The middleware keeps:

  • User inputs (especially those with content about preferences, context, goals)
  • Final AI responses (not intermediate thinking steps)

Step 2: Debounced Processing

Memory updates don’t happen immediately. The system waits 30 seconds (configurable) before processing:

Debounce Timeline
T+0s: User sends message
T+10s: User sends follow-up
T+25s: User sends another message
T+55s: (30 seconds after last message) -> Process all queued messages

This approach:

  • Batches multiple messages efficiently
  • Avoids processing incomplete conversations
  • Deduplicates updates per thread

Step 3: LLM-Powered Extraction

A background worker invokes the LLM to extract memory:

memory_extraction.py
# Simplified extraction logic
async def extract_memory(messages: list, current_memory: dict) -> dict:
prompt = f"""
Analyze the conversation and extract:
1. User context updates (work, personal, current focus)
2. New facts about the user (preferences, knowledge, goals)
3. History updates (what happened in this conversation)
Current memory:
{json.dumps(current_memory, indent=2)}
Recent messages:
{format_messages(messages)}
Output JSON with:
- context_updates: {{workContext, personalContext, topOfMind}}
- new_facts: [{{content, category, confidence}}]
- history_update: string
"""
response = await llm.invoke(prompt)
return parse_memory_updates(response)

The LLM identifies what’s worth remembering and assigns confidence scores.
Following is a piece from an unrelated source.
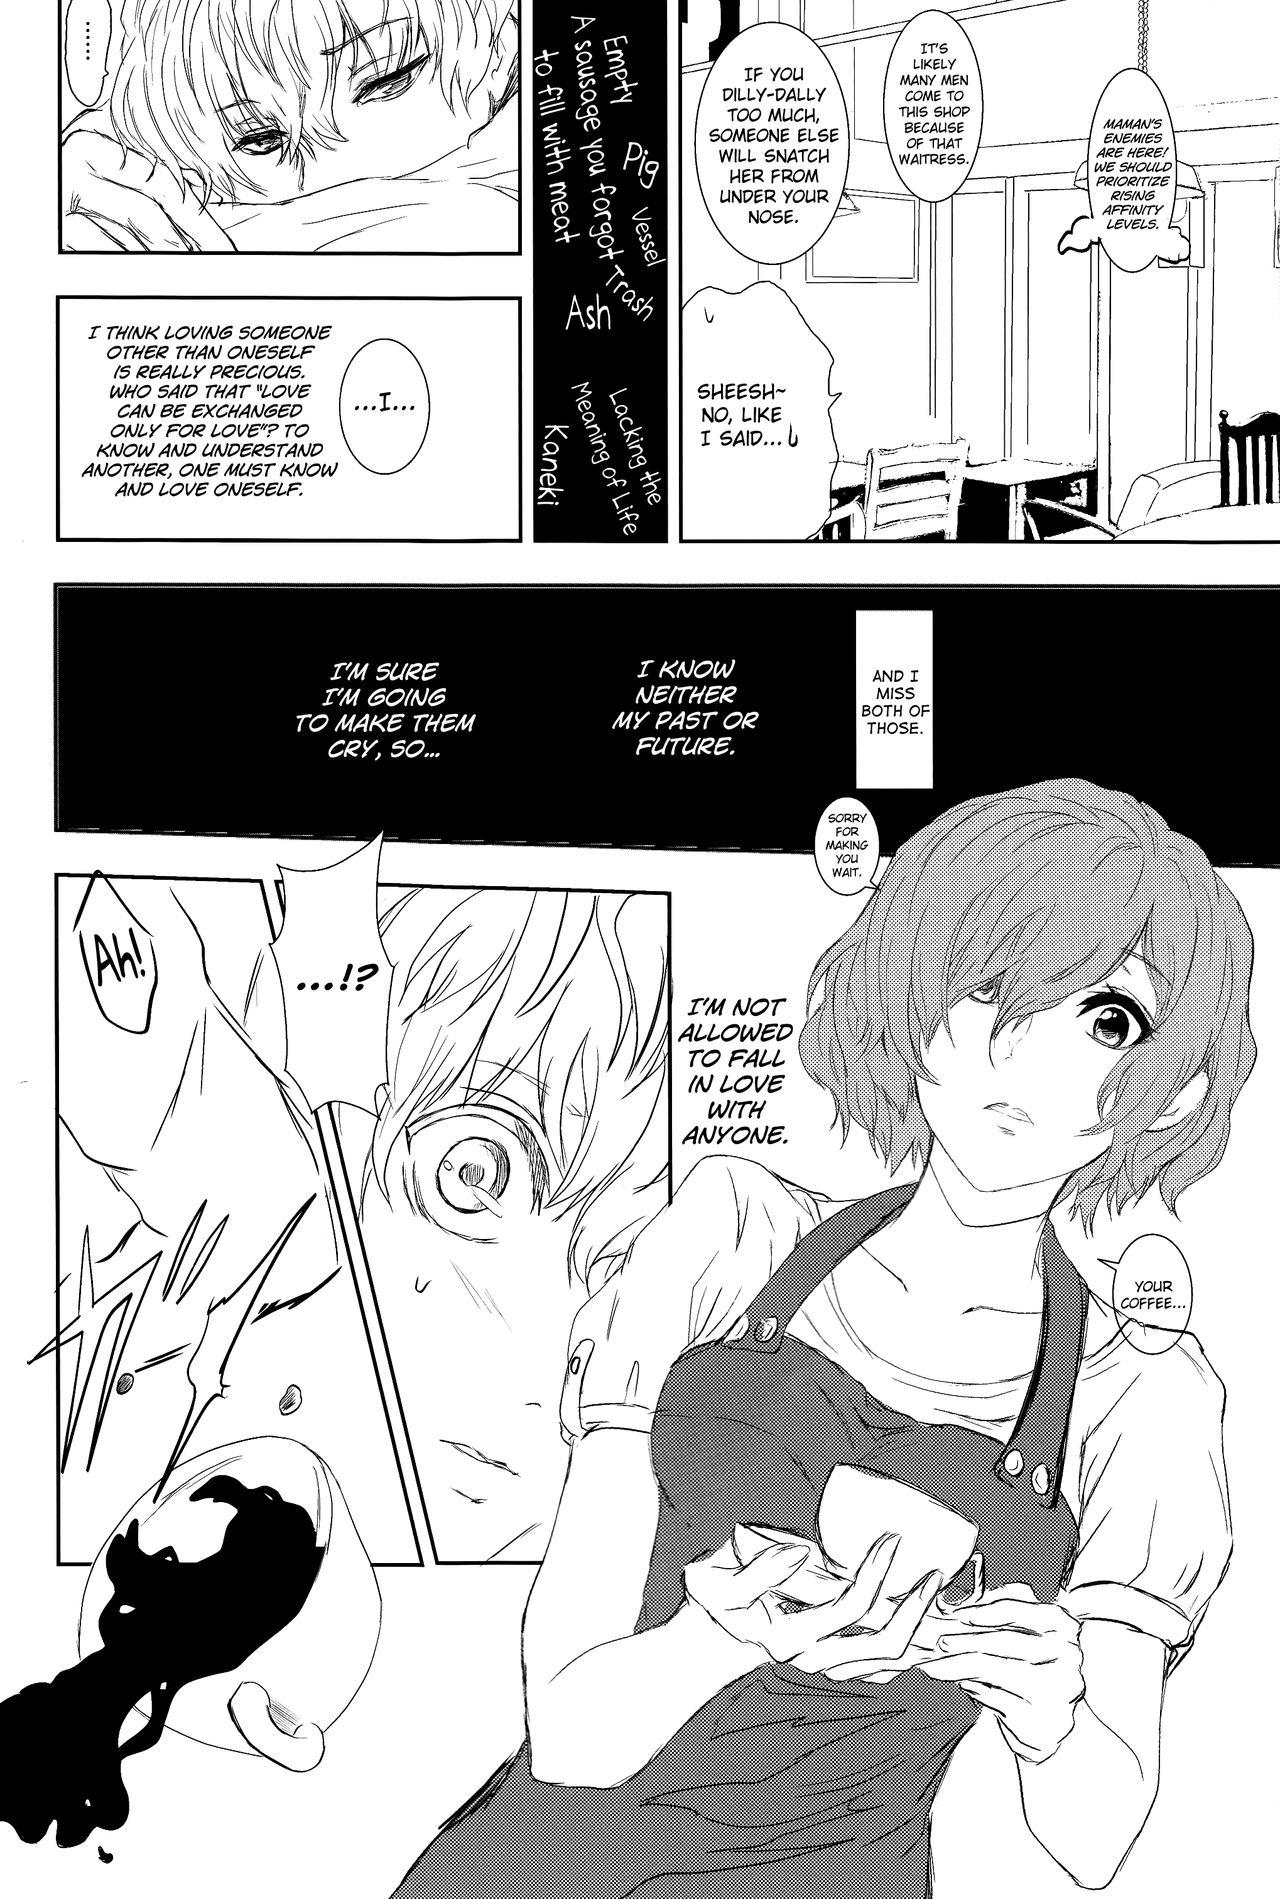 Bdsm Innocent Blue - Before Sunrise - Tokyo ghoul Hugecock - Page 8

Step 4: Confidence-Based Fact Storage

Facts are only stored if confidence exceeds the threshold:

fact_storage.py
def should_store_fact(fact: dict, config: dict) -> bool:
"""Only store facts with sufficient confidence"""
threshold = config.get('fact_confidence_threshold', 0.7)
if fact['confidence'] < threshold:
logger.info(f"Skipping low-confidence fact: {fact['content']}")
return False
return True

The default threshold is 0.7 (70% confidence). This prevents low-quality extractions from polluting memory.

Step 5: Atomic Storage

Memory is written atomically to prevent corruption:

atomic_storage.py
def save_memory(memory: dict, storage_path: str):
"""Write memory atomically to prevent corruption"""
temp_path = f"{storage_path}.tmp"
# Write to temp file first
with open(temp_path, 'w') as f:
json.dump(memory, f, indent=2)
# Atomic rename
os.rename(temp_path, storage_path)

This ensures no partial writes if the process crashes.

How Memory Gets Injected

When a new conversation starts, memory is injected into the system prompt:

System Prompt with Memory
You are a helpful AI assistant with access to persistent memory.
<memory>
## User Context
- Work: Software engineer working on AI projects with Python and TypeScript
- Personal: Based in San Francisco, interested in hiking
- Current Focus: Planning a product launch for Q2 2026
## Recent Facts (Top 15)
1. Prefers Python over JavaScript for backend (confidence: 0.9)
2. Building TaskFlow app (confidence: 0.85)
3. Uses FastAPI and PostgreSQL stack (confidence: 0.8)
4. Interested in agent memory systems (confidence: 0.75)
...
## History
- Recent: Worked on DeerFlow integration, researched memory systems
- Earlier: Built microservices architecture, data pipelines
</memory>
Use this context to provide personalized responses.

The injection includes:

  • User context summaries
  • Top 15 facts (sorted by confidence and recency)
  • History summaries

Configuration Options

I examined the memory configuration:

config.yaml (memory section)
memory:
enabled: true # Master switch
injection_enabled: true # Inject into system prompt
storage_path: backend/.deer-flow/memory.json
# Extraction settings
debounce_seconds: 30 # Wait before processing
model_name: null # Use default model (or specify)
# Fact settings
max_facts: 100 # Maximum stored facts
fact_confidence_threshold: 0.7 # Minimum confidence to store
# Injection settings
max_injection_tokens: 2000 # Max tokens in system prompt

Disabling Memory

If you don’t want memory:

config.yaml
memory:
enabled: false

Disabling Injection Only

To extract memory but not inject it:

config.yaml
memory:
enabled: true
injection_enabled: false

This is useful for audit/logging purposes without affecting responses.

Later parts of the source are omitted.